Abstract Low-grade inflammation is part of the pathogenesis of osteoarthritis (OA) from its earliest stages and contributes to the acceleration of the degenerative process. Innate immunity has a leading role in it. Activation of the innate immune response is initiated by stimulation of the receptors on the cell membrane to recognize the secreted PAMPs (pathogen-associated molecular patterns). However, PAMPs can also be activated by endogenous damage-related molecular patterns (DAMPs). The group of DAMPs also includes toll-like receptors (TLRs).The disruption of matrix homeostasis in the course of OA is an example of activation of these receptors in chronic damage.

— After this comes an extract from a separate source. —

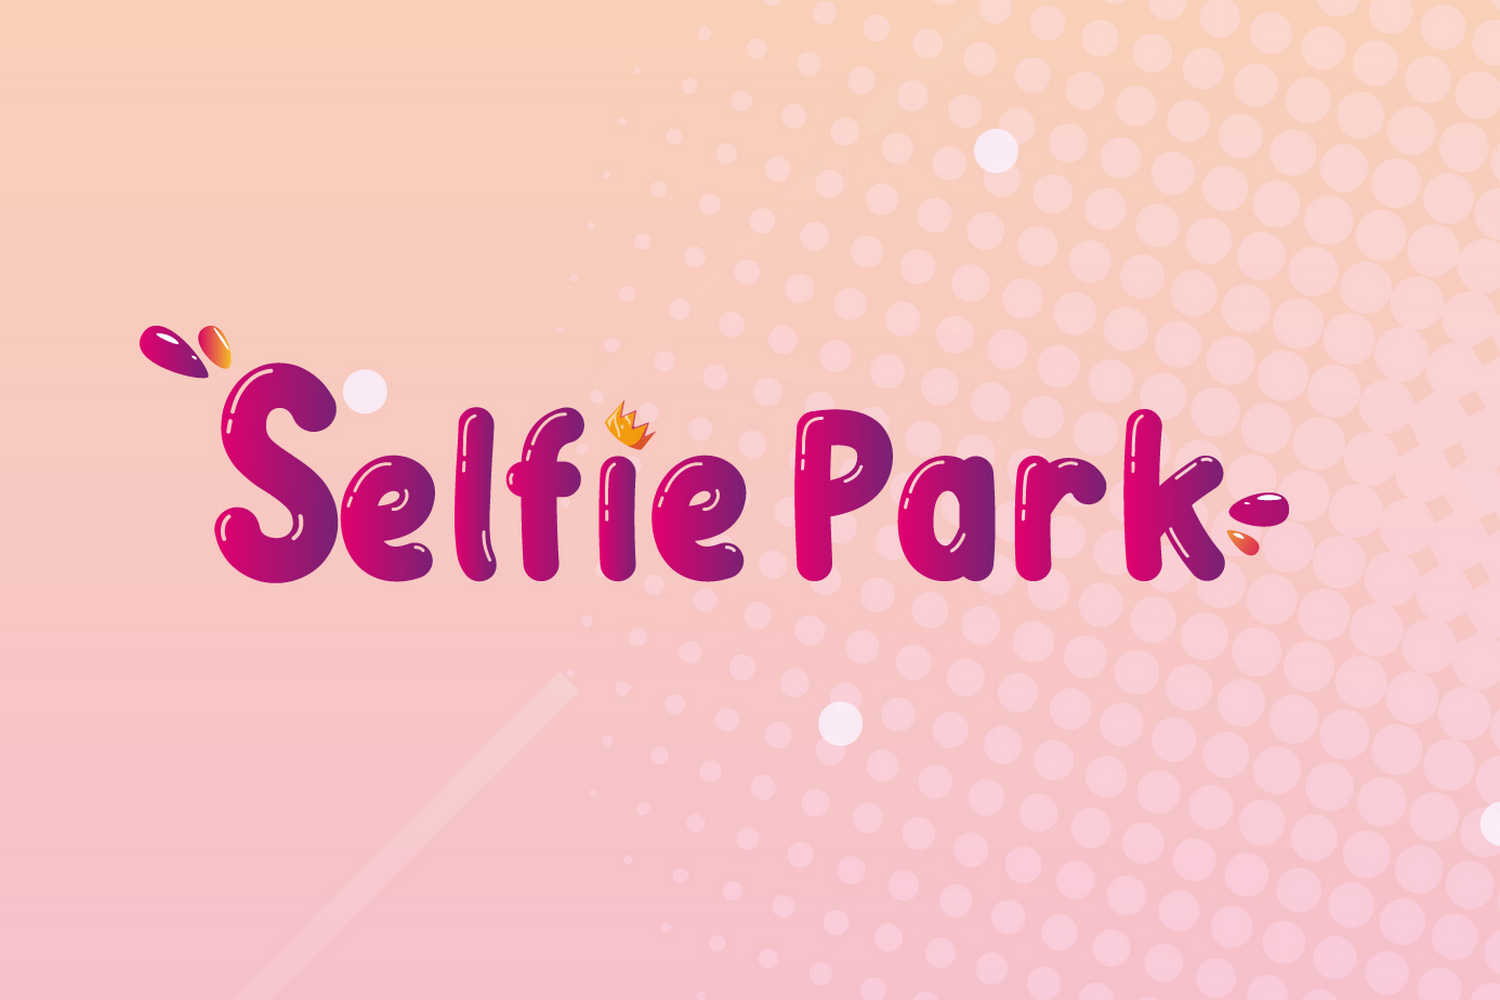 Selfie Park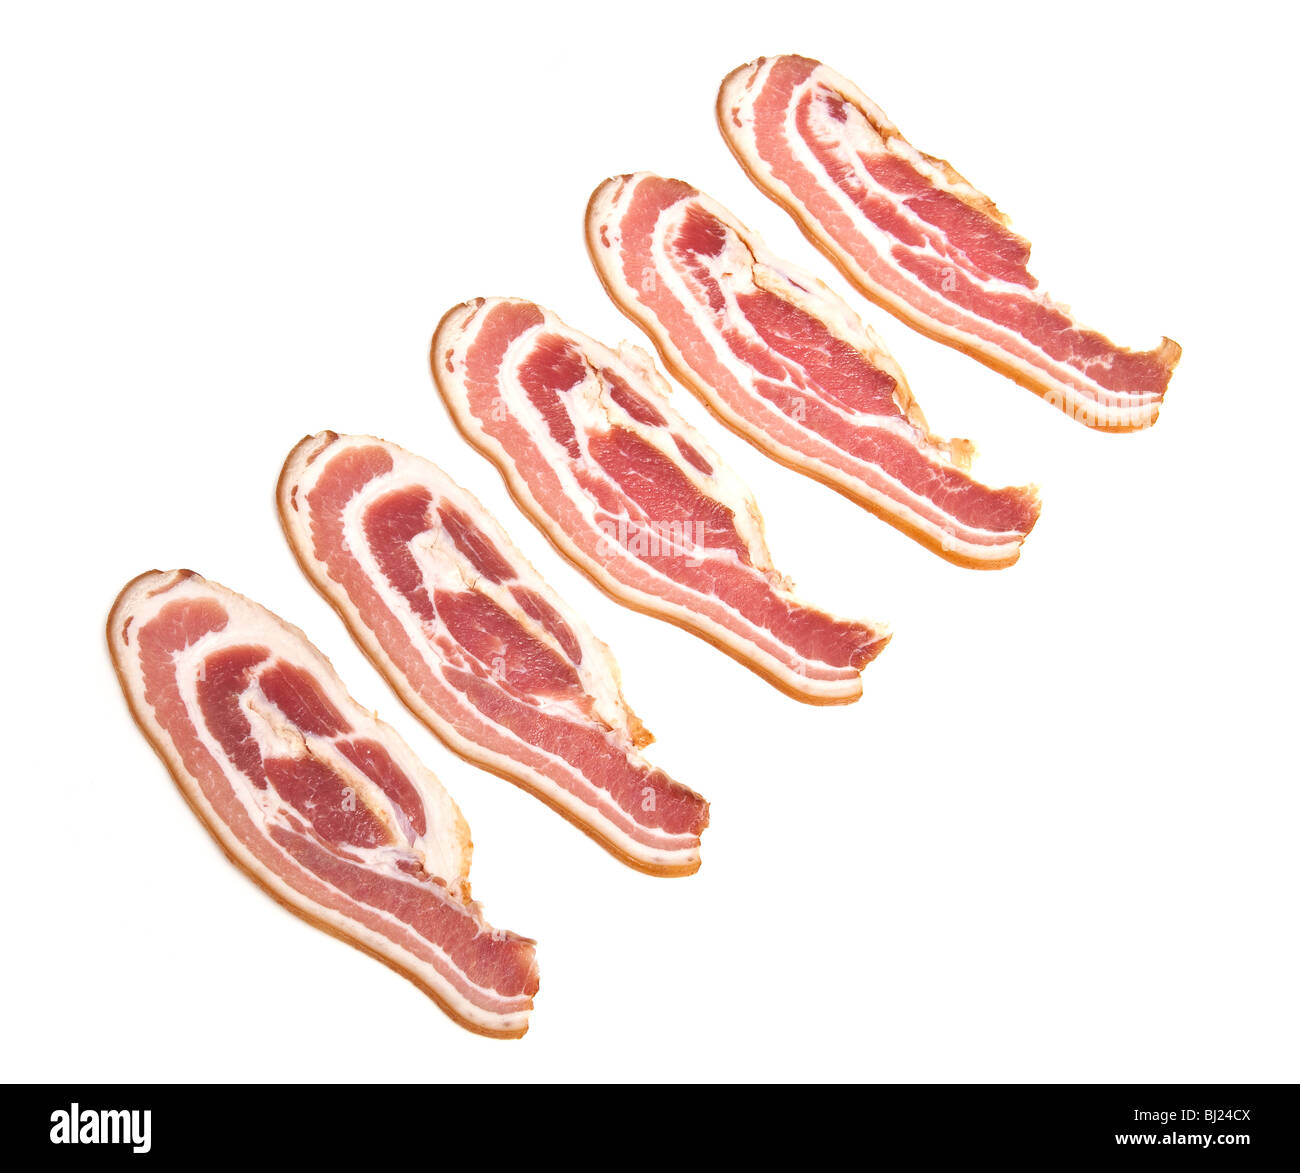 Streaky bacon rashers isolated on a white studio background Stock Photo

The complement system is a key element of the innate immune system. It is one of the serum enzyme systems whose function is to opsonize antigens. The complement receptors on the surface of the cell membranes adhere to the targets for phagocytosis. The C3R fraction activates the complement cascade itself, as well as the oxygen metabolism of the cell, which is essential for the phagocytosis. The cartilage damage products released during joint damage are a separate class of potent complement modulators. Complement fractions bind to complement receptors on the surface of the chondrocyte and the synoviocyte cell membranes by TLR. The complement system is involved in many processes in the course of osteoarthritis: chondrocyte degeneration, ECM degradation, low-grade inflammation in the osteoarthritis, cell lysis, unbalanced bone remodeling, osteophyte formation, and neoangiogenesis. Whether drug control of complement activation may be a future therapeutic strategy in the treatment of OA and prevent its progression is a subject of future studies.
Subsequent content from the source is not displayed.